**What the task asks**
From the data that follows, set down exactly the lines from the one with "Supermarine Spitfire PRXI" through the one with "Detail from S–F1 (Grandstand_01)", counting both. Pictures stay out.

**Data extract**
.....
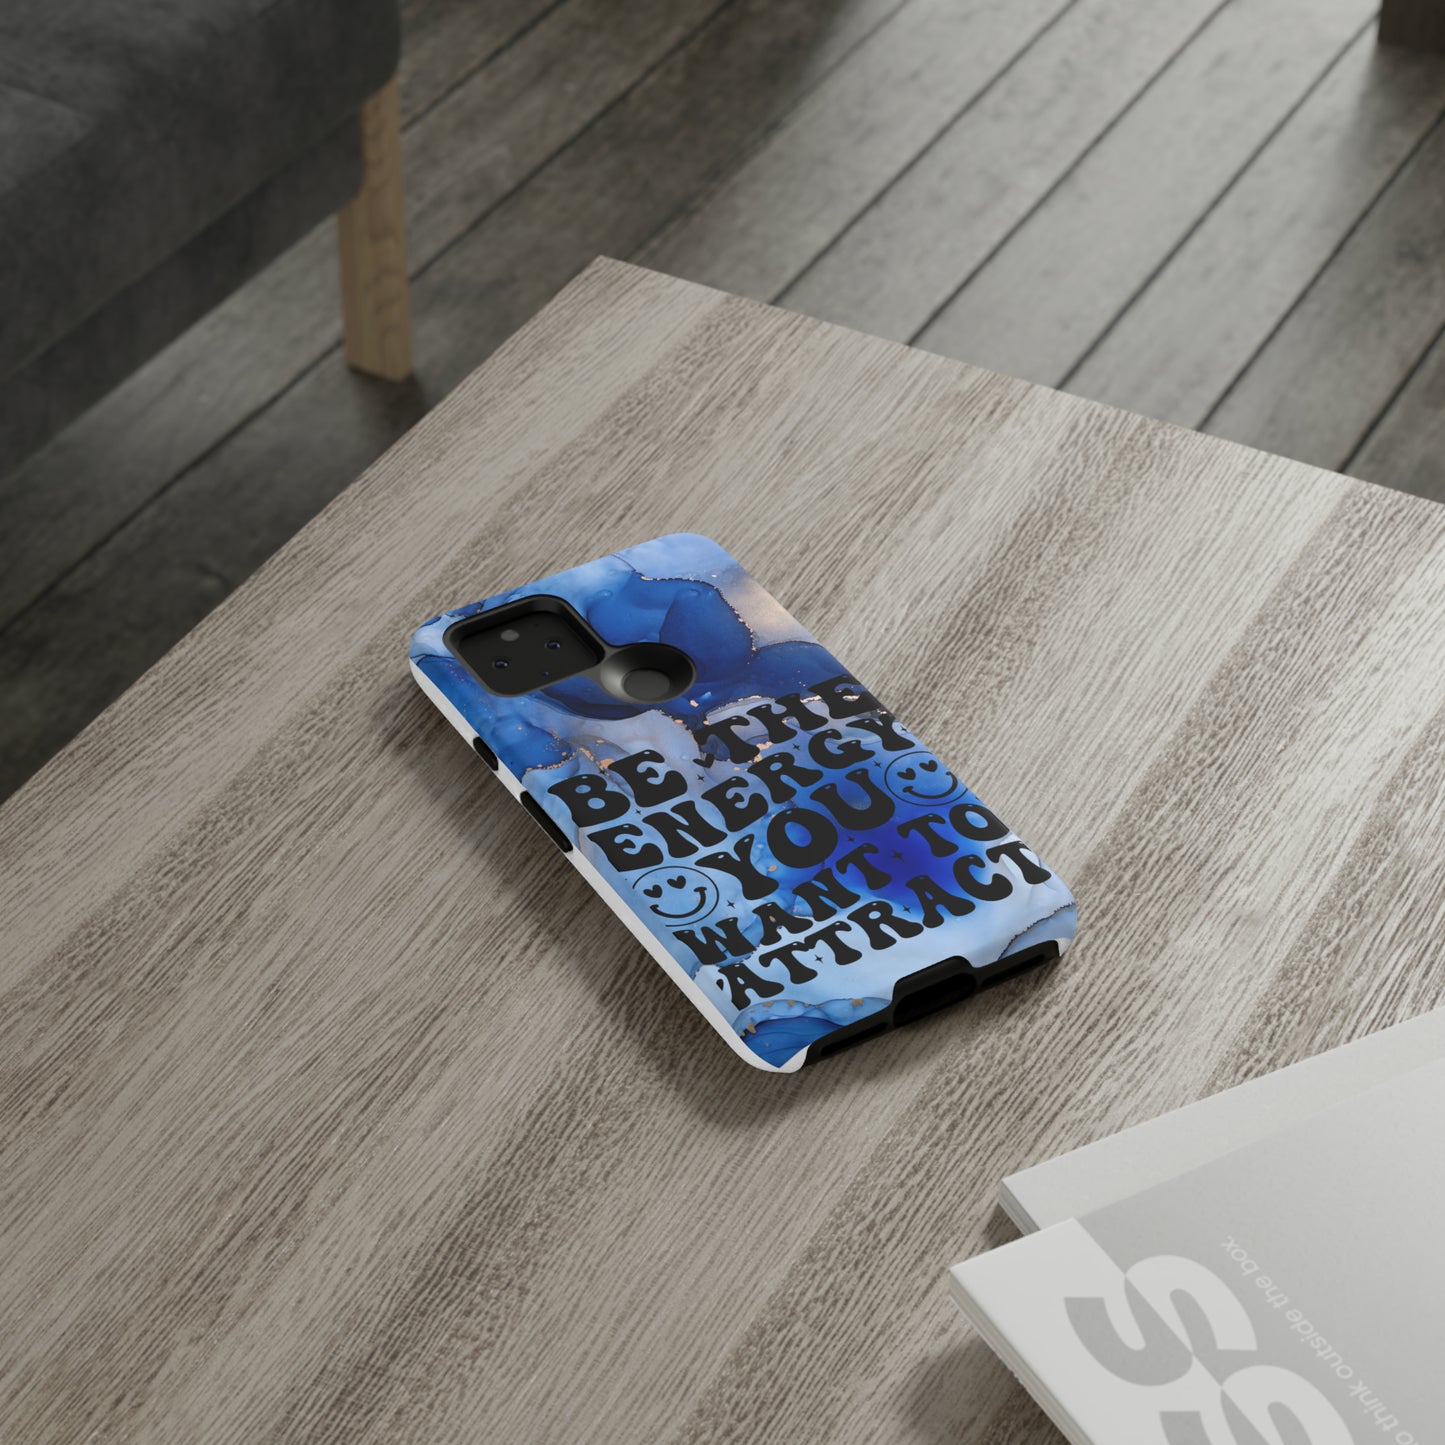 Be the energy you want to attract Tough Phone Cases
.....
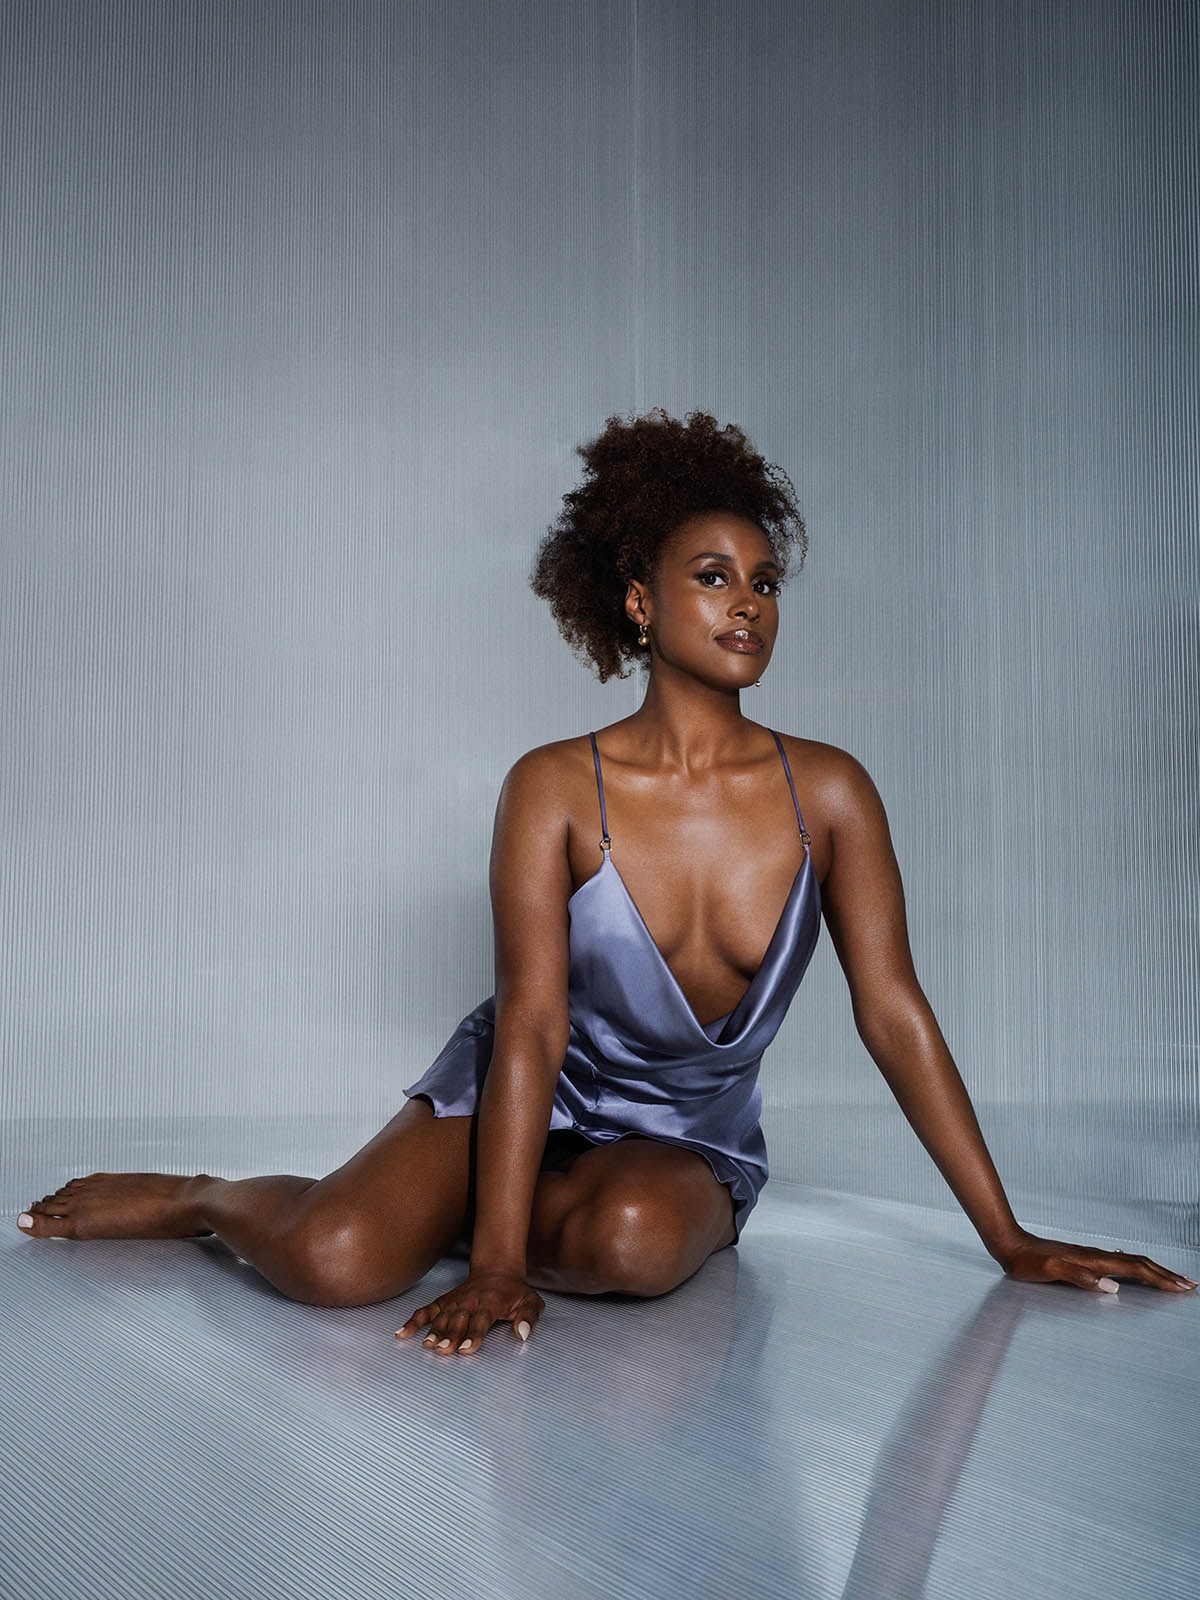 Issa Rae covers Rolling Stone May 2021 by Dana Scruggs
.....
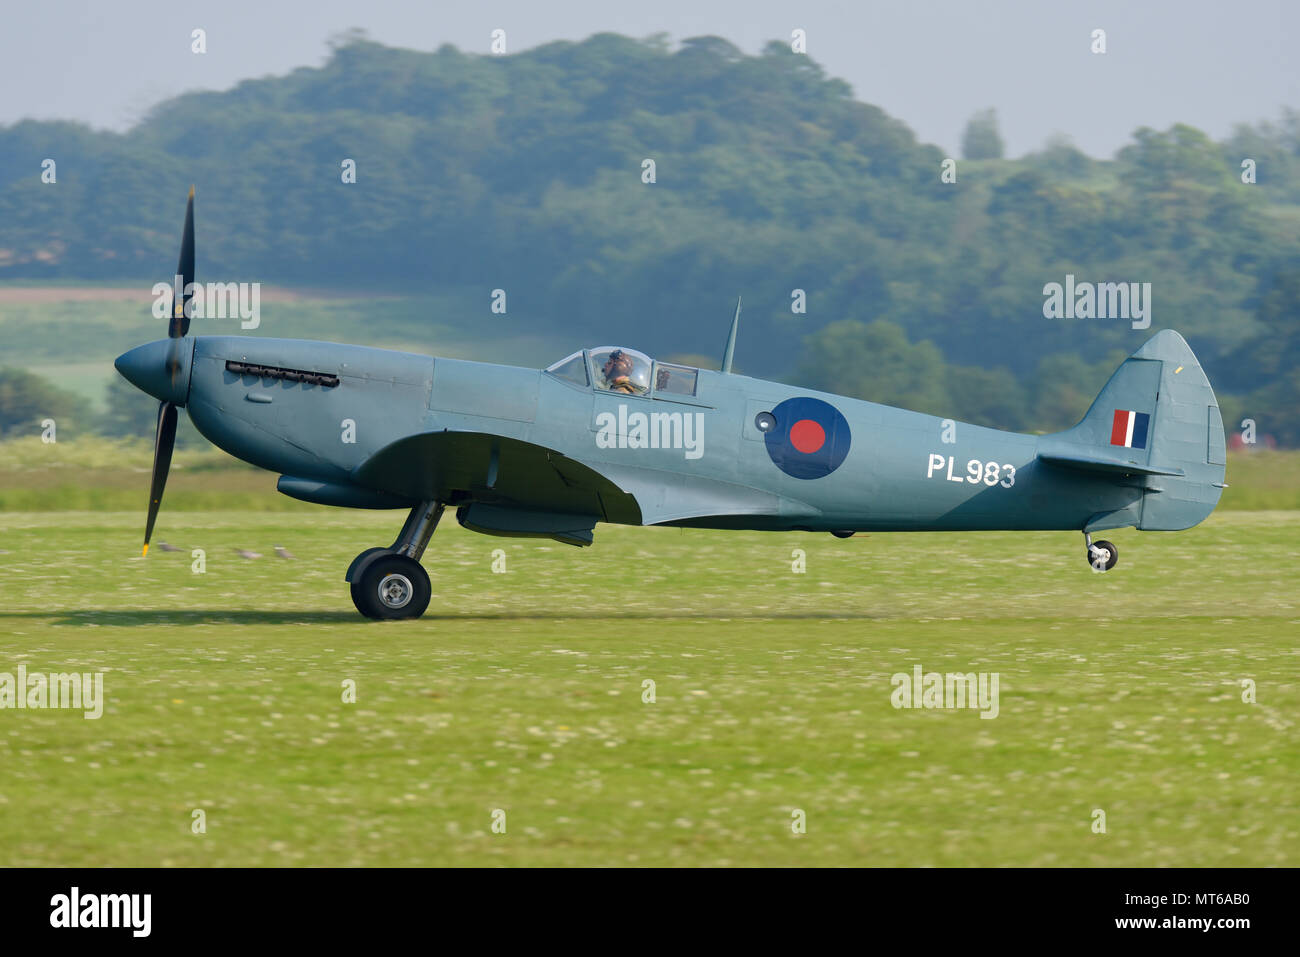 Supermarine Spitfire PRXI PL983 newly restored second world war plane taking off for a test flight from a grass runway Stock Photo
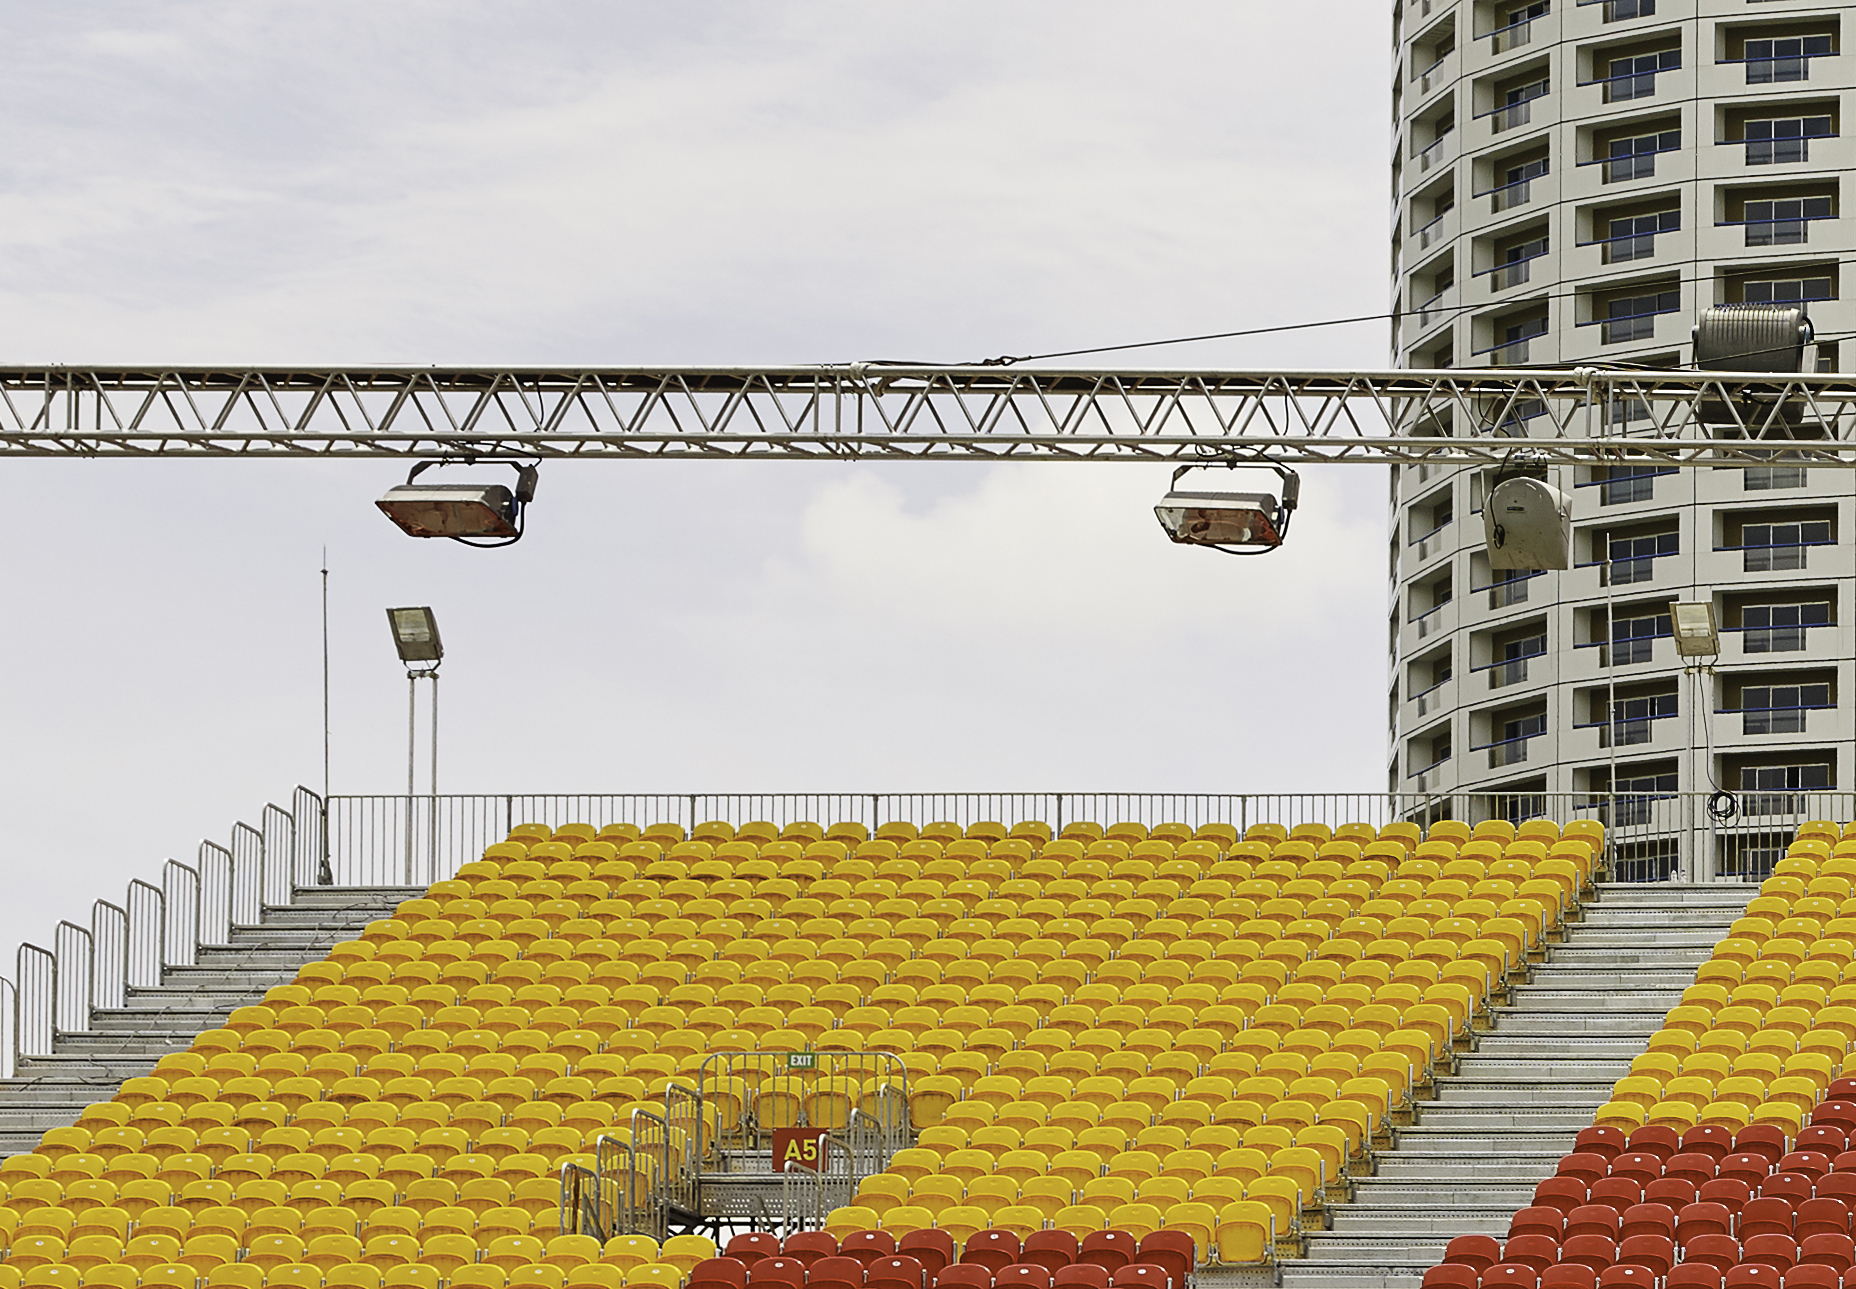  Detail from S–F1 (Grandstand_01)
.....
**Task answer**
 Supermarine Spitfire PRXI PL983 newly restored second world war plane taking off for a test flight from a grass runway Stock Photo
  Detail from S–F1 (Grandstand_01)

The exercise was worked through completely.